Yaşı nüfusun artmasıyla birlikte yaşa bağlı olarak görülen hastalıklar da artar. Bu hastalıklar arasında alzheimer, demans ve kemik erimesi gibi hastalıklar öne çıkar. Yaşam kalitesini düşüren bu tarz hastalıklarla mücadele eden yaş almış kişilerin bakımı hastane ya da sağlık merkezinde değil daha çok evde gerçekleşir. Uzman sağlık görevlisi ya da hasta yakını tarafından gerçekleştirilen bu tarz evde bakım uygulamalarında bazı kritik detaylar öne çıkar.

Yaşlı Bakımı Nedir?

Yaşlı bakımı için her ne kadar huzurevleri, bakım evleri, yaşlı bakımını meslek edinen kişilerden yardım alınsa da temelde yaşlı bireyin ait olduğu aile bireylerinin de yaşlı bakımı konusunda bilgi sahibi olmaları önemlidir. Yaşlı bakımı sadece yaşlı bireyin beslenmesi, kişisel temizliği, hastalıklarının takip altında olmasını içermez. Aynı zamanda bireyin kalan yaşam süresini mümkün olduğunca huzurlu, mutlu bir şekilde geçirmesi için gerekli olan koşulların, davranışların sağlanması hususunu içerir. Kronik hastalığı olan, tekerlekli sandalyeye ya da yatağa bağımlı olan yaşlı bireylerin bakımında öne çıkan konular vardır. Kişinin ev konforunun iyileştirilmesi, evde kullanılması gereken medikal cihazların tespit edilerek temin edilmesi, yatalak yaşlı bireylerde banyo, kişisel temizlik gibi konularda yardımcı ev ürünlerinin temin edilmesi, ev eşyalarının bireyin kolayca ulaşması ve kullanmasını sağlayacak şekilde düzenlenmesi öne çıkan konular arasında yer alır. Bireyin daha konforlu ve huzurlu şekilde kalan yaşamını sürdürebilmesi için bu öncelikler hayata geçirilmelidir.

Yaşlı Bakımı Sırasında Nelere Dikkat Etmek Gerekir?

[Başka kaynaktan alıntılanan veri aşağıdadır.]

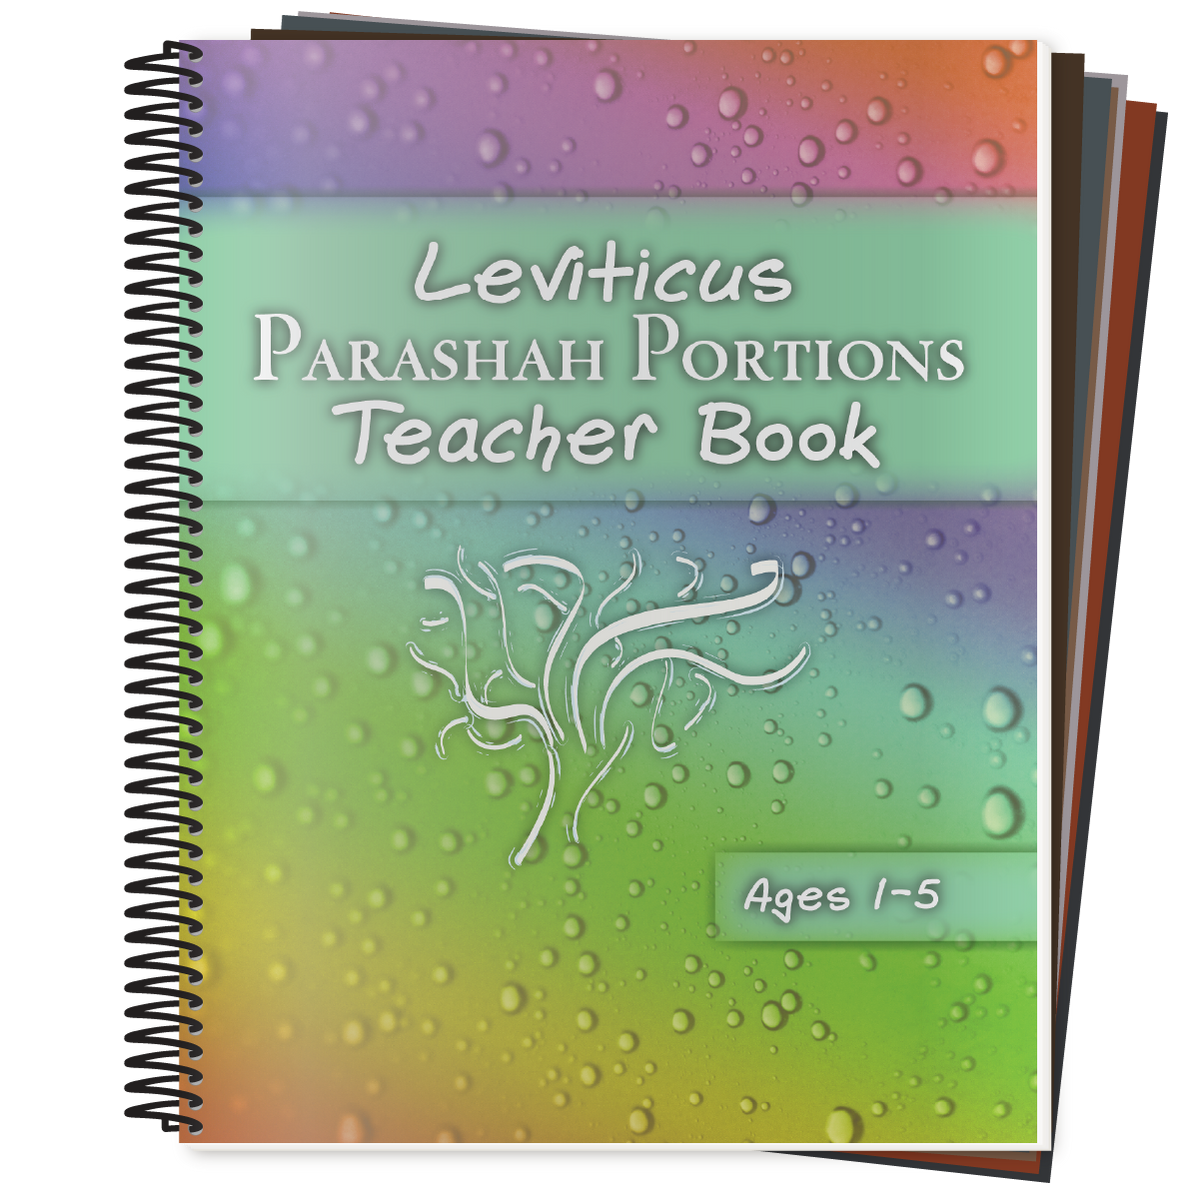 Leviticus - Parashah Portions Teacher Book (STBM Bundle) (Ages 1-5)

Yaşlı bakımında, öncelikle evde temizliği, düzeni, havalandırılmış ortamı sağlamak önemlidir. Bireyin yaşamını zorlaştıran eşyaların yerine sade, kolay ulaşılır eşyaları evinde bulundurmak sağlıklı olacaktır. Yaşlı bakımında en önemli konu, bireyin kişisel temizliğinin kişinin sağlığını koruyacak, iyiliğine katkı sağlayacak şekilde yapılmasıdır. Yaşlı bireyin haftada en az bir kere uygun banyo malzemeleriyle yıkanması gerekir. Bireye mümkün olduğunca rahat, pamuklu, teri emen kıyafetler giydirmek önemlidir. Yaşlı bireyin günlük, ağız, diş, kulak, göz, genital bölge, makat temizliğini yapmasını sağlamak gerekir. Bedensel kısıtı varsa bakıcı yardımıyla günlük kişisel temizliğinin 7-8 saatlik periyotlarda yapılması sağlanır. Bireyin hareket imkanı vücut kısıtları nedeniyle azaldığından, kemiklerin zayıflaması, kasların giderek erimesi söz konusudur. Bu nedenle yaşlı bireyin açık havada veya evde kısa süreli yürüyüş yapması sağlanmalıdır. Bireyin fiziksel kısıtı bulunuyorsa o zaman oturduğu yerde hafif kol hareketleri, boyun hareketleri, bacak egzersizi mutlaka yaptırılmalıdır. Tamamen yatağa bağlı yaşlılarda bacak kas kütlesi hareketsizlik nedeniyle azalır. Ayrıca hareketsiz bacaklar nedeniyle belli iç organlara pıhtı atma riski artar. Bunları engellemek için kişinin bacaklarına dairesel hareketlerle kaslarını harekete geçirecek şekilde masaj yapılmalıdır.

Yatağa Bağımlı Yaşlı Bakımında Önemli Hususlar Nelerdir?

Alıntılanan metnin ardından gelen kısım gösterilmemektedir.